[Data for the task]
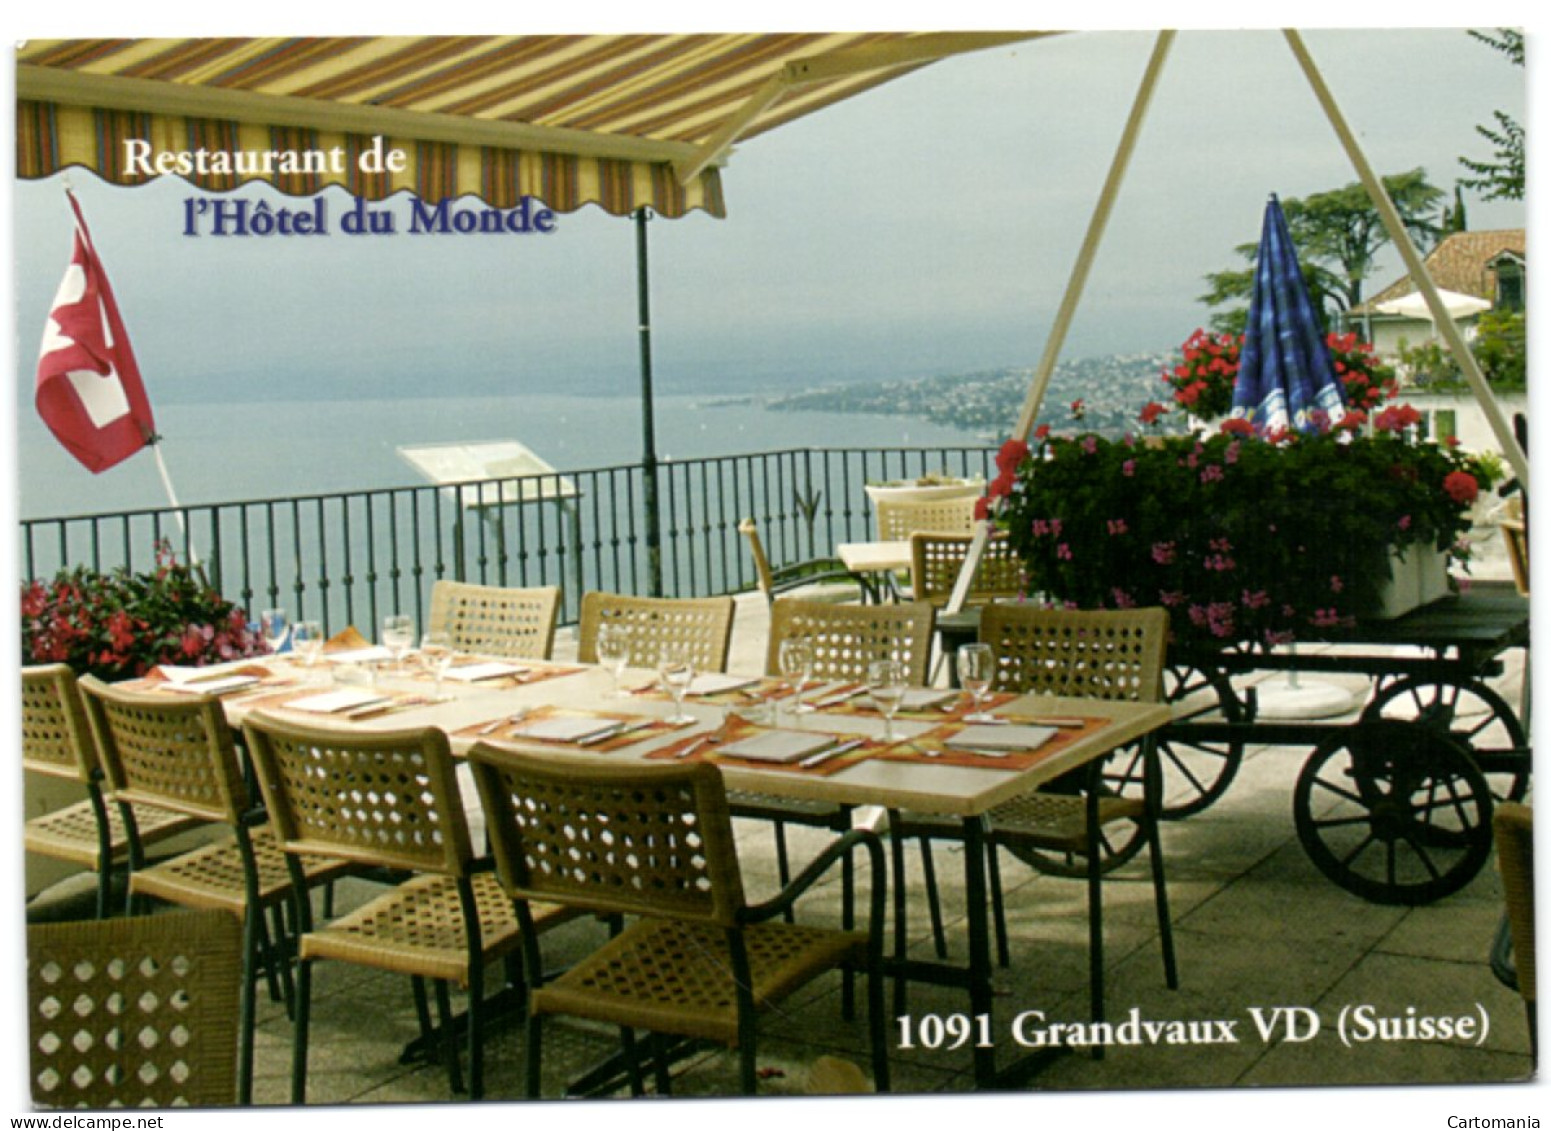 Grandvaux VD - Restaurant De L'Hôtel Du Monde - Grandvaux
...
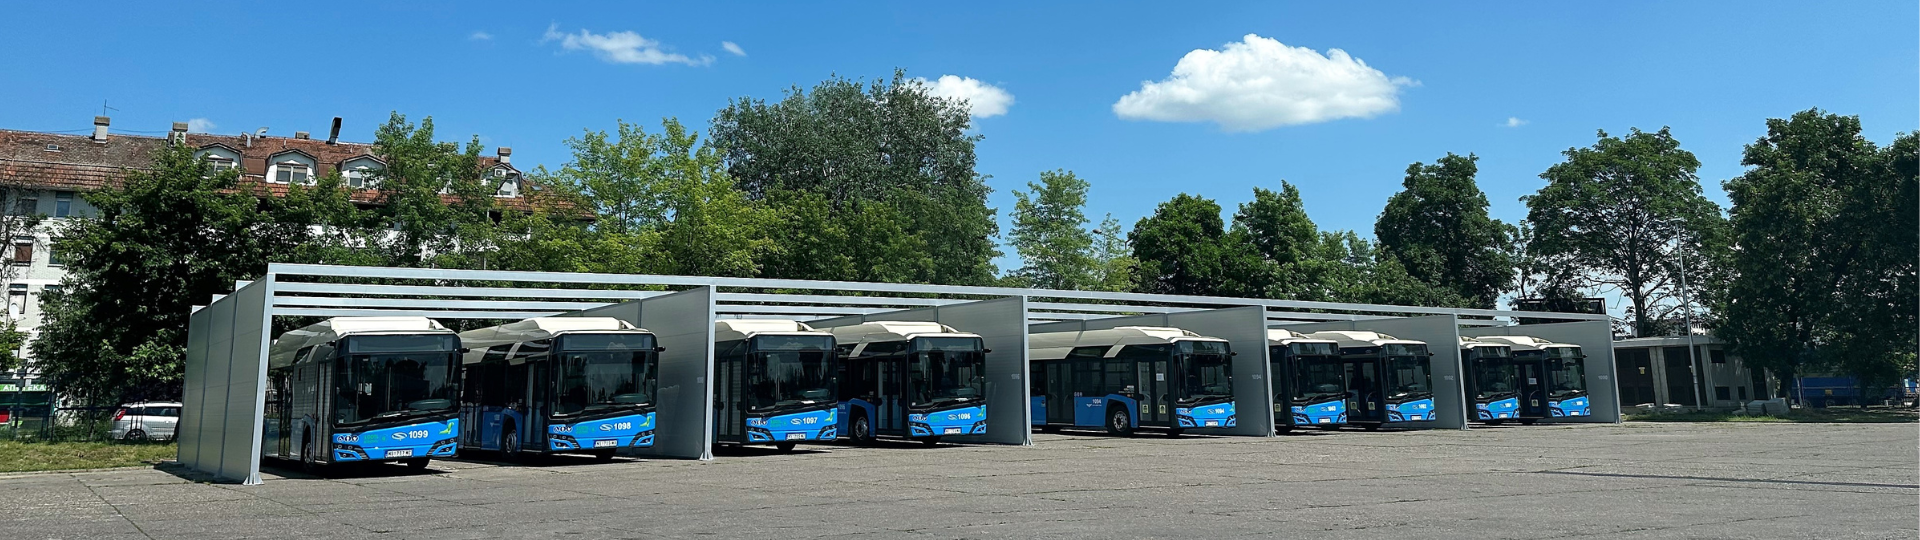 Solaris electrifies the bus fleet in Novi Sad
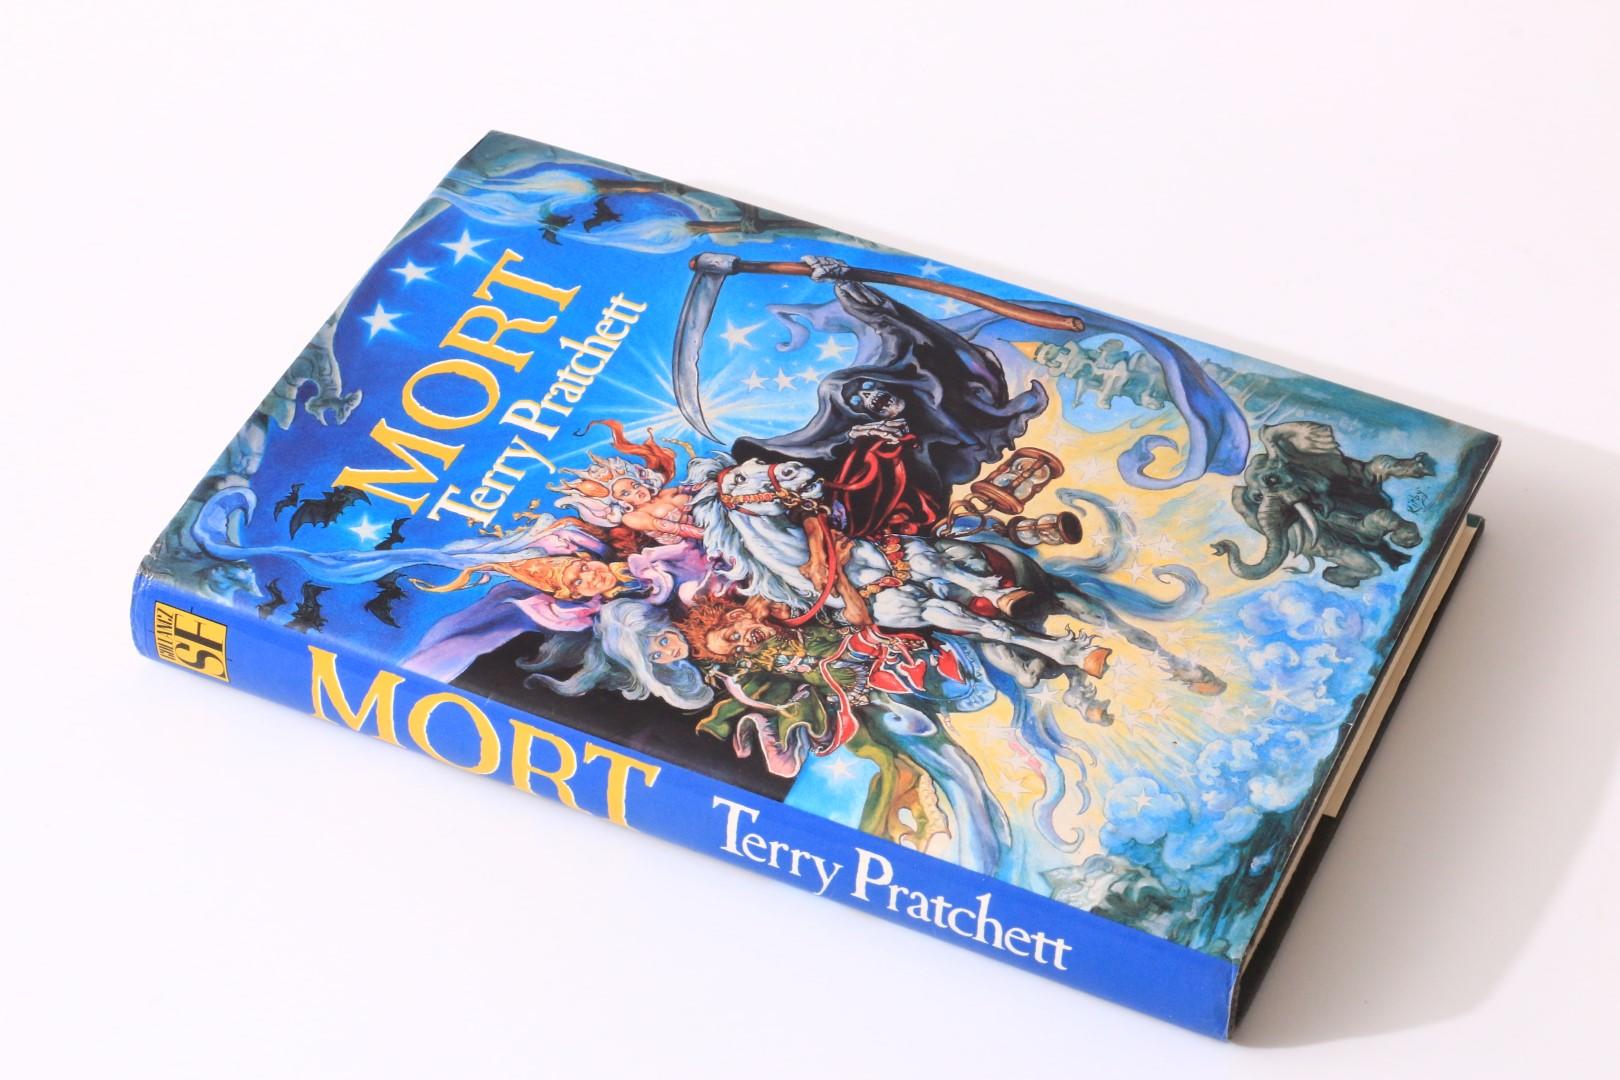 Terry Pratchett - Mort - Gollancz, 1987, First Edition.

[Exercise goal] Using the entries above, extract exactly the lines from the one that contains "Solaris electrifies the" through the one that contains "Terry Pratchett - Mort". Do not carry over any pictures.

[Result below]
 Solaris electrifies the bus fleet in Novi Sad
 Terry Pratchett - Mort - Gollancz, 1987, First Edition.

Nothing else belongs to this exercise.